Epistemologi Gerakan
Enam Tesis Kebuntuan Epistemik
Oleh: Firdaus Putra A.
Epistemologi sebagai ilmu tentang pengetahuan sekurang-sekurangnya membahas; sumber pengetahuan dan cara/metode mendapatkan pengetahuan. Tulisan ini akan menyoroti dua hal itu pada ranah gerakan mahasiswa. Sedangkan tulisan ini bersumber dari pengamatan sehari-hari terhadap kecenderungan gerakan mahasiswa, khususnya di Purwokerto
Sumber Pengetahuan
Ada beberapa tesis yang akan saya ajukan. Pertama, menurut saya, gerakan mahasiswa mengalami—meminjam bahasa Baudrillard—tranz. Istilah ini biasanya digunakan dalam analisis hiperealitas dan simulakrum. Pokok masalahnya saya khususnya pada perkembangan isu sosial yang cepat dan beragam.
Seperti analisis Baudrillard tentang “masyarakat tontonan”, saat ini informasi yang beredar terlalu banyak. Sederhananya, melalui media cetak dan elektronik, ditambah internet, membuat masyarakat tidak mampu memilah dan memilih informasi apa yang benar-benar dibutuhkan dirinya. Semua informasi diserap. Ujungnya, masyarakat kebanjiran informasi, tidak menjadi penonton, justru ditonton oleh informasi.
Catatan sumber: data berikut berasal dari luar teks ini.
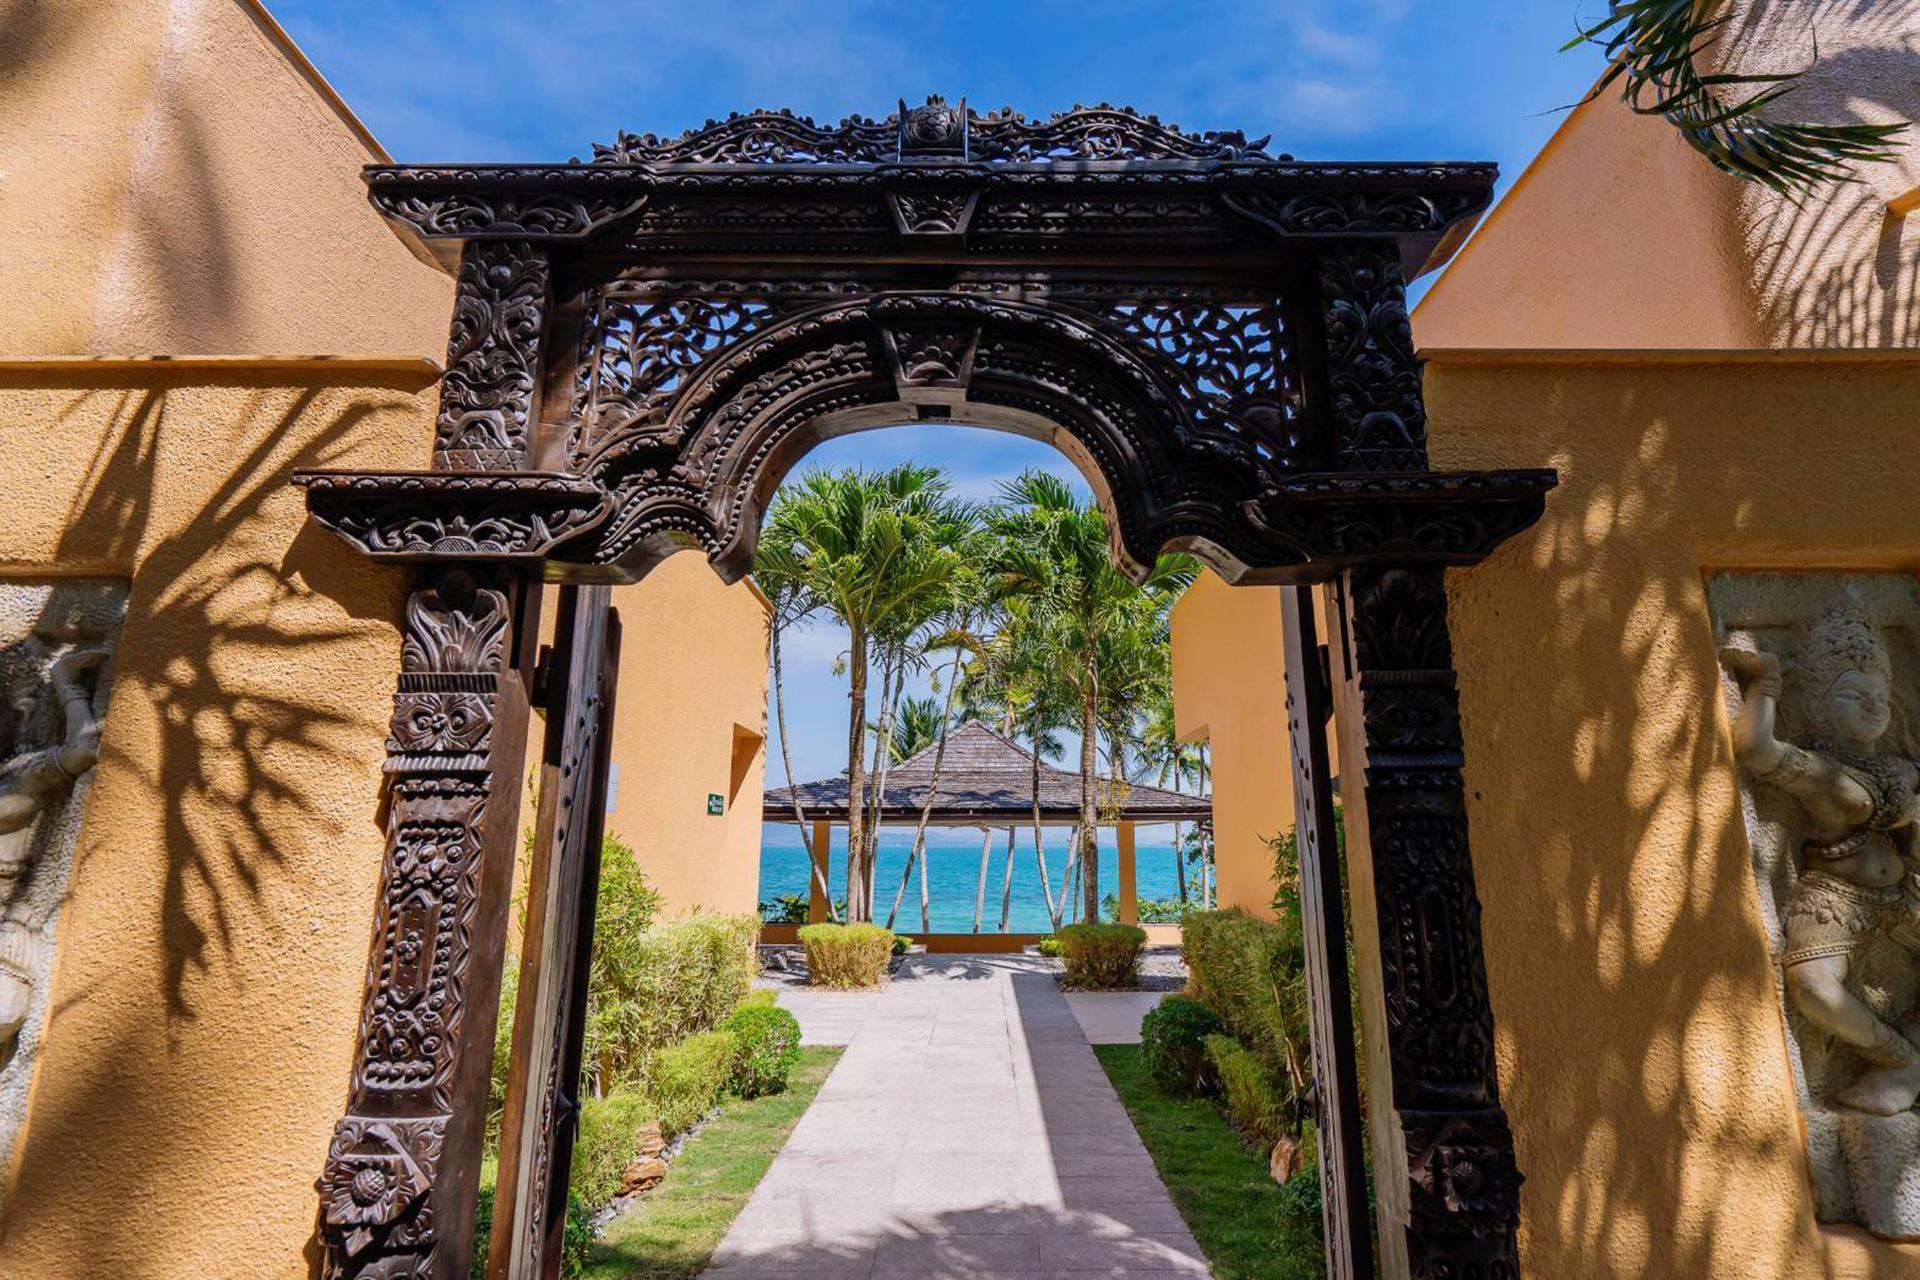 Coral Cove Beachfront Villa  Hotel Managed วิลลา 6 ห้องนอน 5 ห้องน้ำส่วนตัว ขนาด 160 ตร.ม. – คลองสน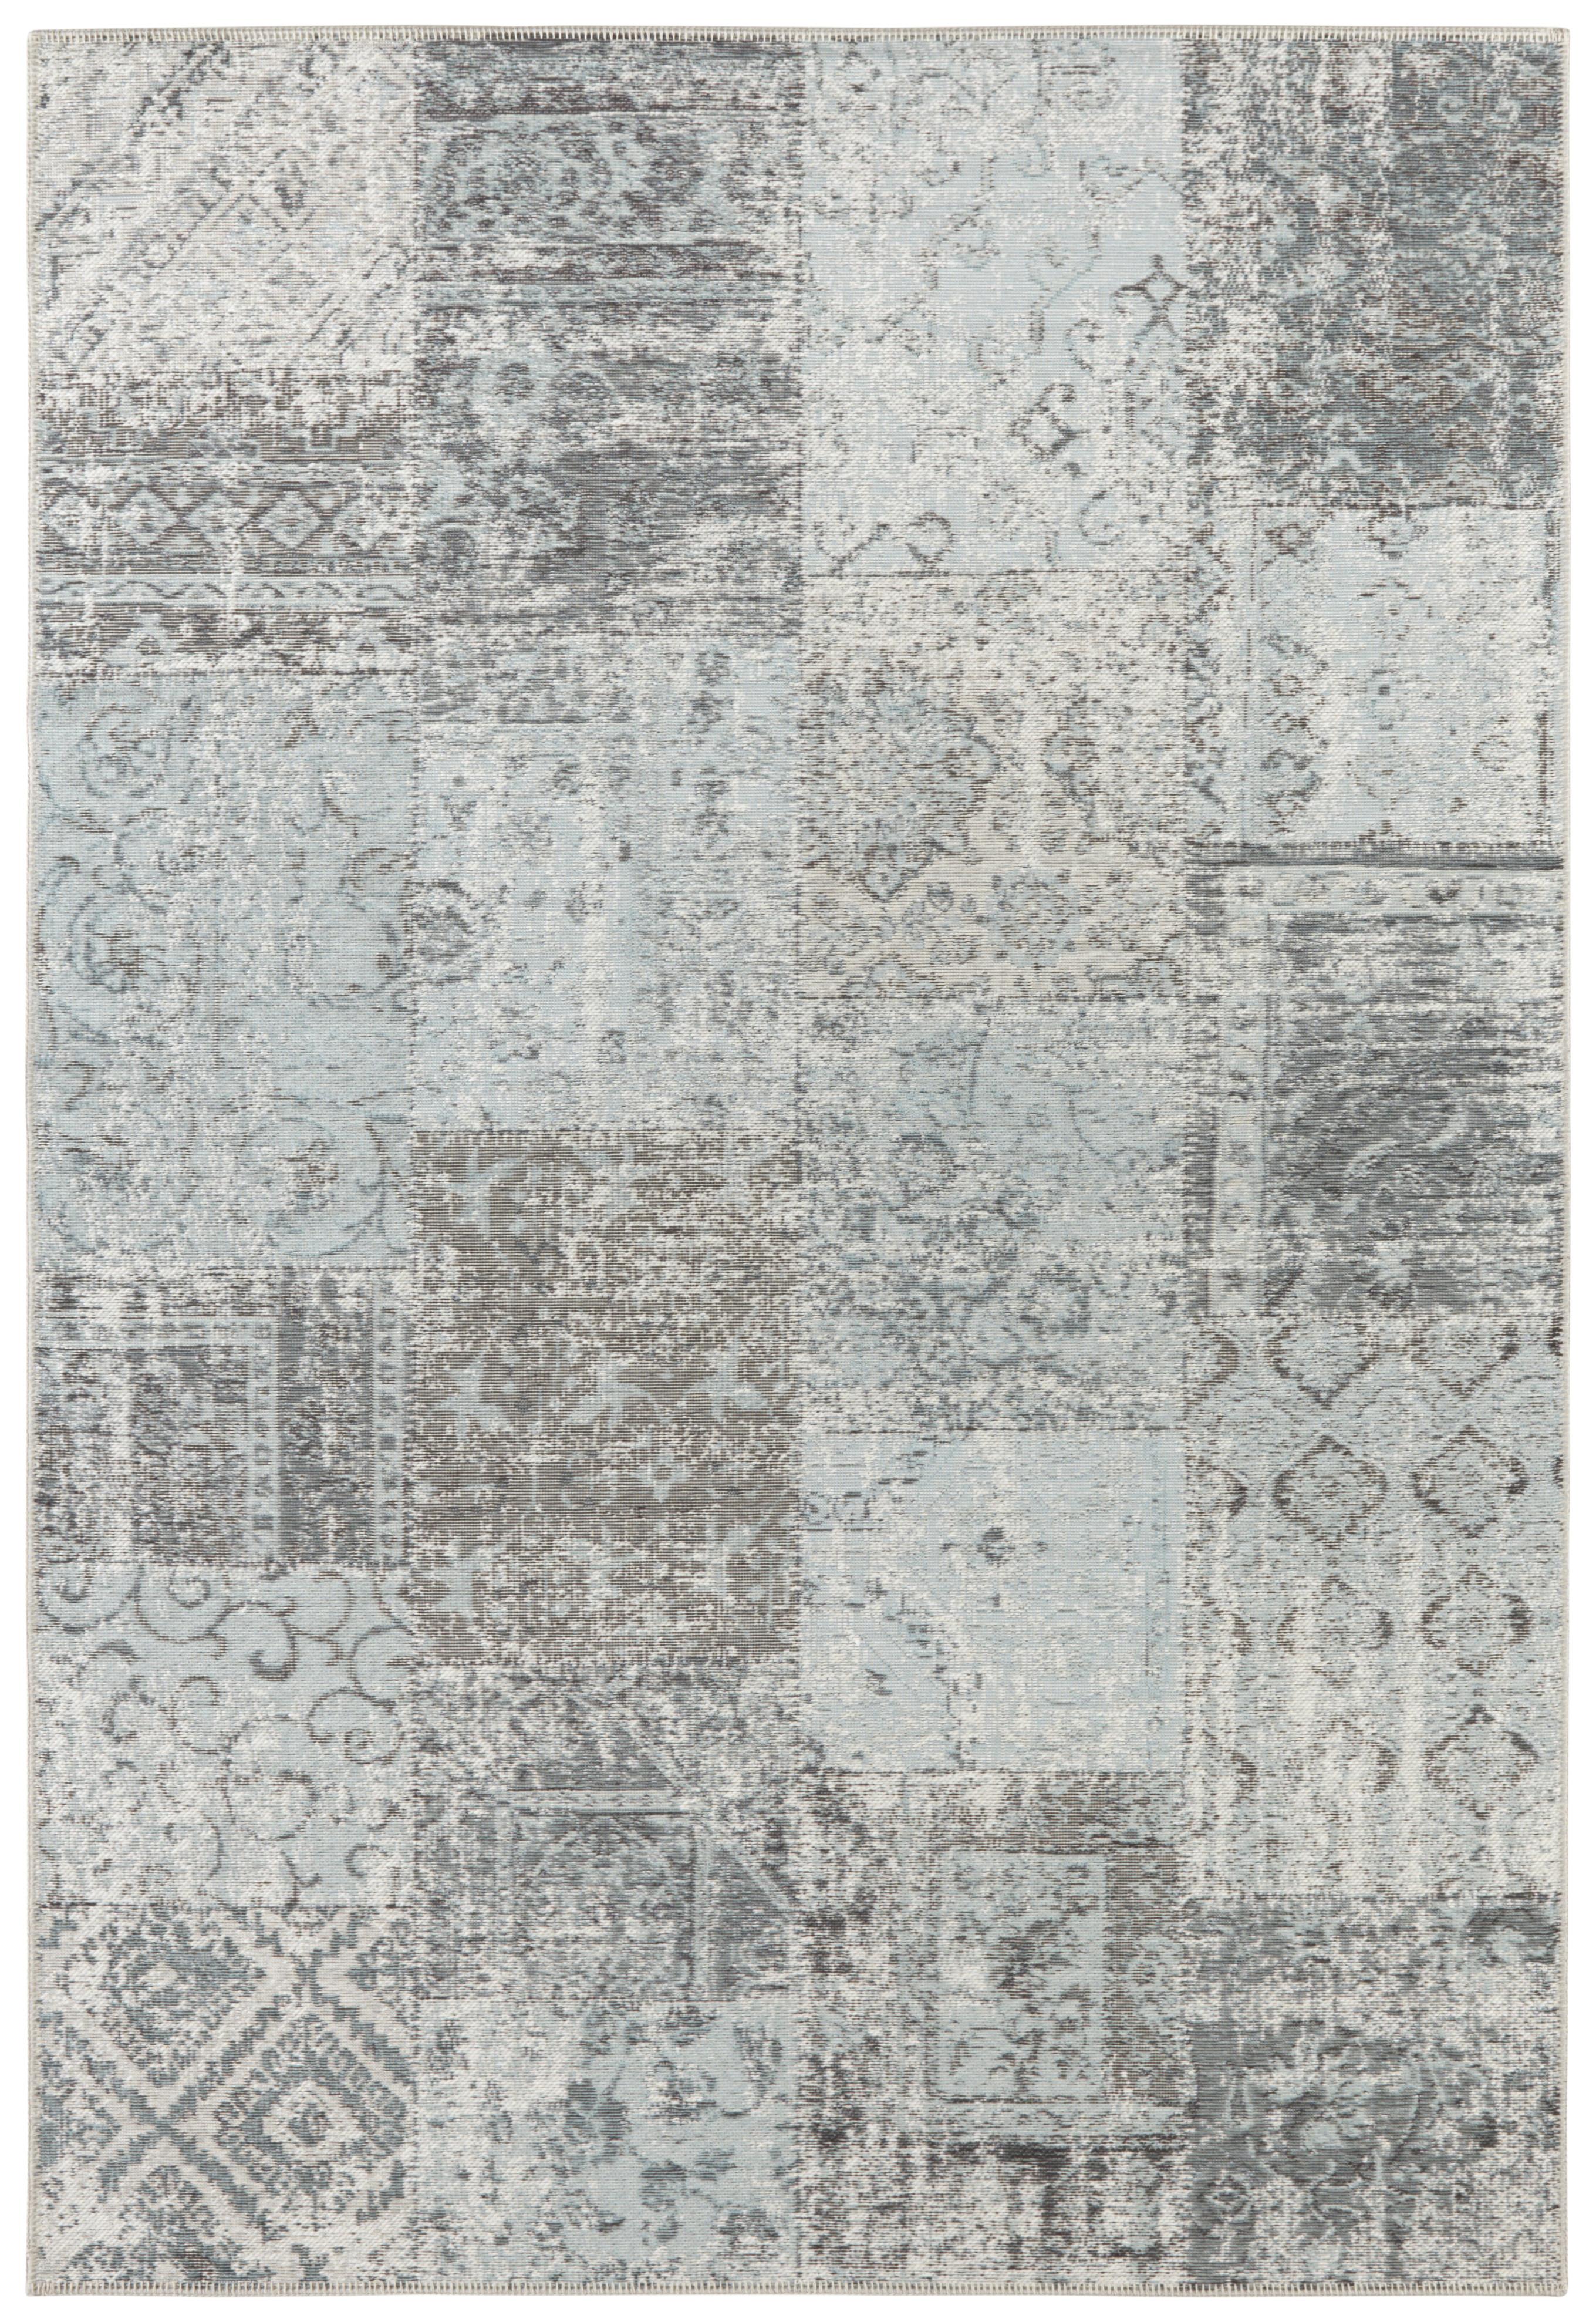 Levně ELLE Decor koberce Kusový koberec Pleasure 103587 Light Blue/Black/Cream z kolekce Elle - 120x170 cm Modrá

Seperti itu juga yang terjadi pada gerakan mahasiswa. Isu sosial, ekonomi, politik membanjiri ruang pergerakan. Akhirnya, mereka mengalami over load terhadap isu-isu yang ada. Proses untuk memilah dan memilih, dalam kerangka menyaring, memfokuskan, dan memprioritaskan isu menjadi hilang. Semua isu mereka anggap sama pentingnya, dan harus dikerjakan oleh gerakan mahasiswa.
Kedua, fenomena tranz ini terlihat jelas ketika gerakan mahasiswa mengalami dis-orientasi lokus gerakan. Memang logikanya tidak harus mengkonsentrasikan diri hanya pada masalah lokal, atau nasional saja. Akan tetapi, gerakan mahasiswa cenderung terlihat kemaruk atau rakus untuk menggarap semua isu tanpa fokus yang jelas. Gerakan mahasiswa tak ubahnya bagai the holding campany yang menggarap dari sektor hulu sampai hilir.
Akhirnya, penggarapan isu kampus kurang optimal. Bilamana ada, penggarapannya lebih meyakinkan pada isu nasional, daripada lokal. Sebutlah masalah pembangunan Purwokerto City Walk (PCW) di depan kampus UNSOED. Sama sekali kurang tersentuh. Ditambah masalah ini mulai terutupi oleh isu kenaikan harga BBM, 10 tahun reformasi, juga 100 tahun kebangkitan nasional. Daya magnetisnya lebih kuat pada penyikapan isu-isu nasional tersebut.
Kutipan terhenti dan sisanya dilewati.